Junior and Senior year: bad things happened. I'm not going to say more about those things other than, because of them, I started to really fall apart. I had lived my entire life in a safe, stable environment until my junior year of college. That I hit all those good-Christian steps in high school, I attributed to me. I had value as a person because I was level headed. My identity was wrapped up in being independent, supportive of other people, an accomplished student, and a responsible individual. Junior and senior year, the circumstances I had taken for granted my entire life changed. All those things I prided myself in went away.

I went to counseling.

[I have to say, throughout everything, the community at Whitworth (my college) could not have been more supportive. Friends, other students, administrative staff, and faculty cut me a lot of breaks. I don't think a lot of people who go through hard things get that kind of communal backing, and as hard as that time was for me (it was pretty bad), it would have been a lot different, a lot worse, without the help of those people. ]

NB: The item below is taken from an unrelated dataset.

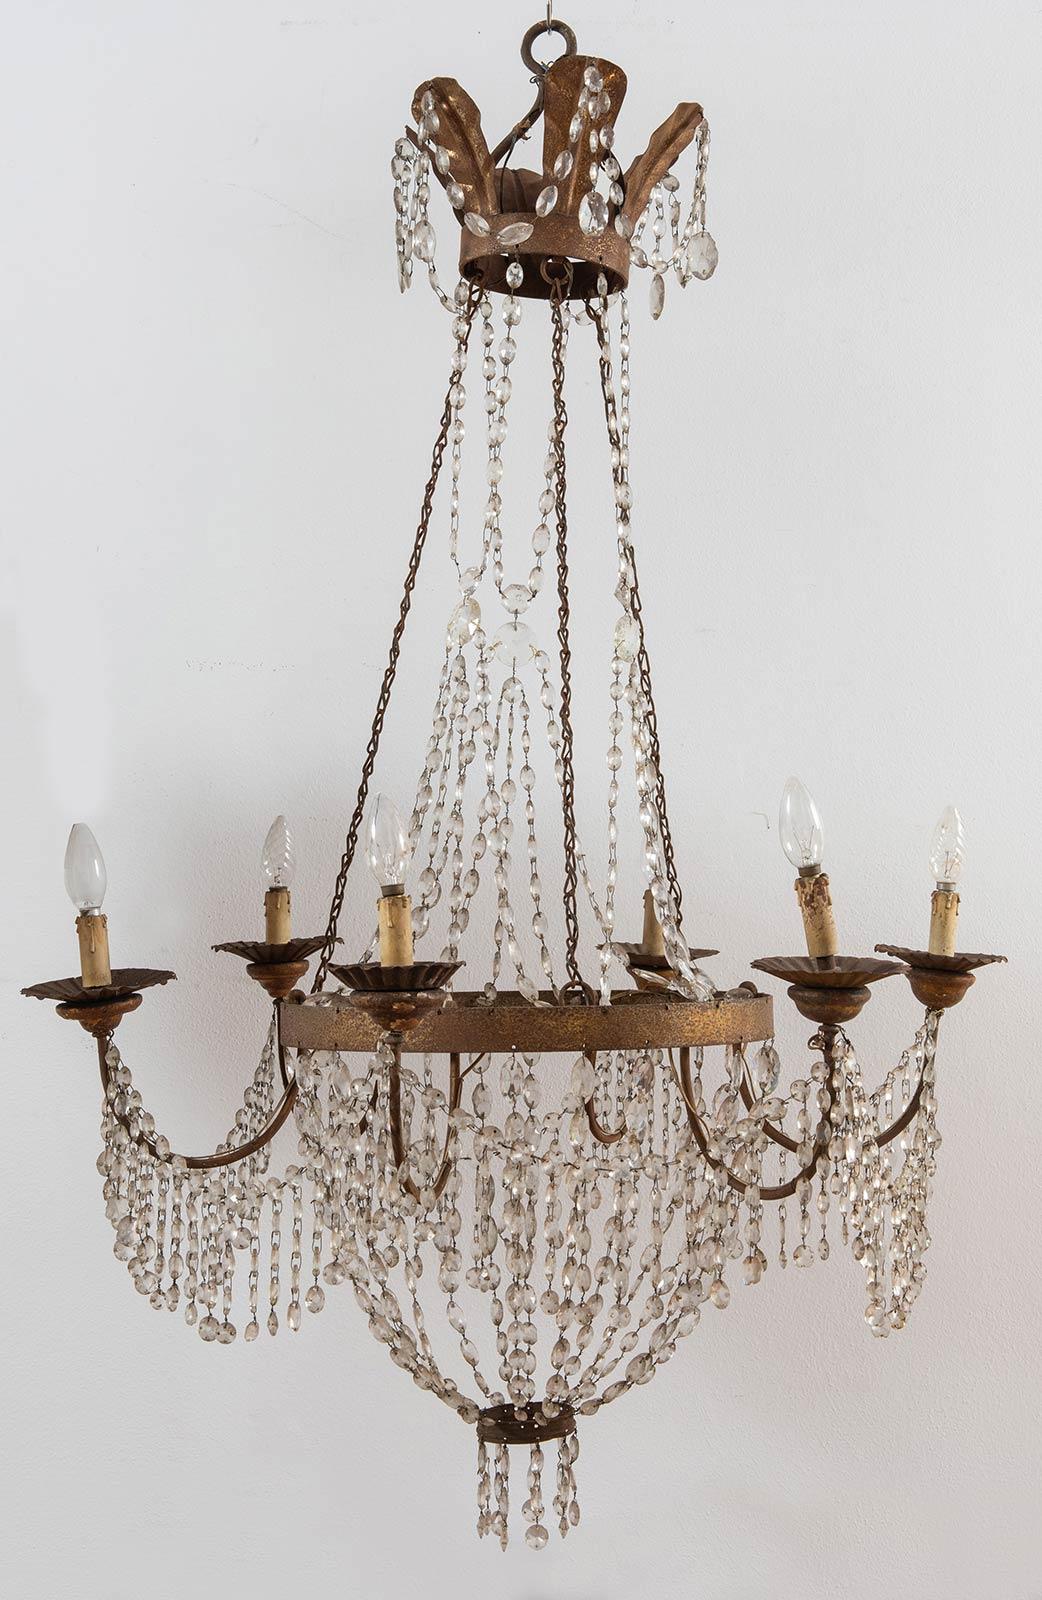 Lampadario con gocce di cristallo a sei luci, XIX sec.

I told my therapist about how much I was letting myself down. About how crazy I felt. I cried a lot. She told me that, at some point, it had to be enough that I was a child of God.

Her advice didn't help me at the time. What helped me was drugs, by which I mean antidepressants. The advice would help later.

College, Bonus Lap

I went to an extra semester of college, and, halfway through, I was able to go off the antidepressants. What I had was a circumstance-based serotonin depletion that about six-months worth of some sweet pill was able to fix. My experience of life got a lot better.

Mitch and some of my Theology-major-y friends talked about God stuff all through college. They threw around some ideas like, "It's God that matters, not us or our relationship with him" and "It's more important what happens now than what happens after we die".

One of these friends happened to be a guy, Lee, I grew up with in church and who also traveled halfway across the country in order to go to college at Whitworth. He died, suddenly, of an enlarged heart during my bonus year in college. (I wrote a thing and a thing about that several years ago.) His funeral was what you'd expect for a young person, packed and extra sad. Lee was studying to be a pastor, and the impact of his fledgling people-centered ministry was extolled again and again.

Later

It was because of Lee's funeral - and the latent experience of all these other things - that my faith began to change. I knew, from experience, that I could no longer rely on myself to be a good or stable person. I had seen how my circumstances and my brain chemistry affected my behavior and my ability to function. Plus, my friend had just died, and nobody talked about how many times he went to church or how "good" of a person he was. All anybody seemed to care about was their relationship to him. How much he cared for them and vice versa.

What I Believe

It has to be enough that I am a child of God. I don't have value because of the things I do. (I would do horrible things under some specific set of circumstances.) I have value because God has made me and loves me, even though it makes no sense to me.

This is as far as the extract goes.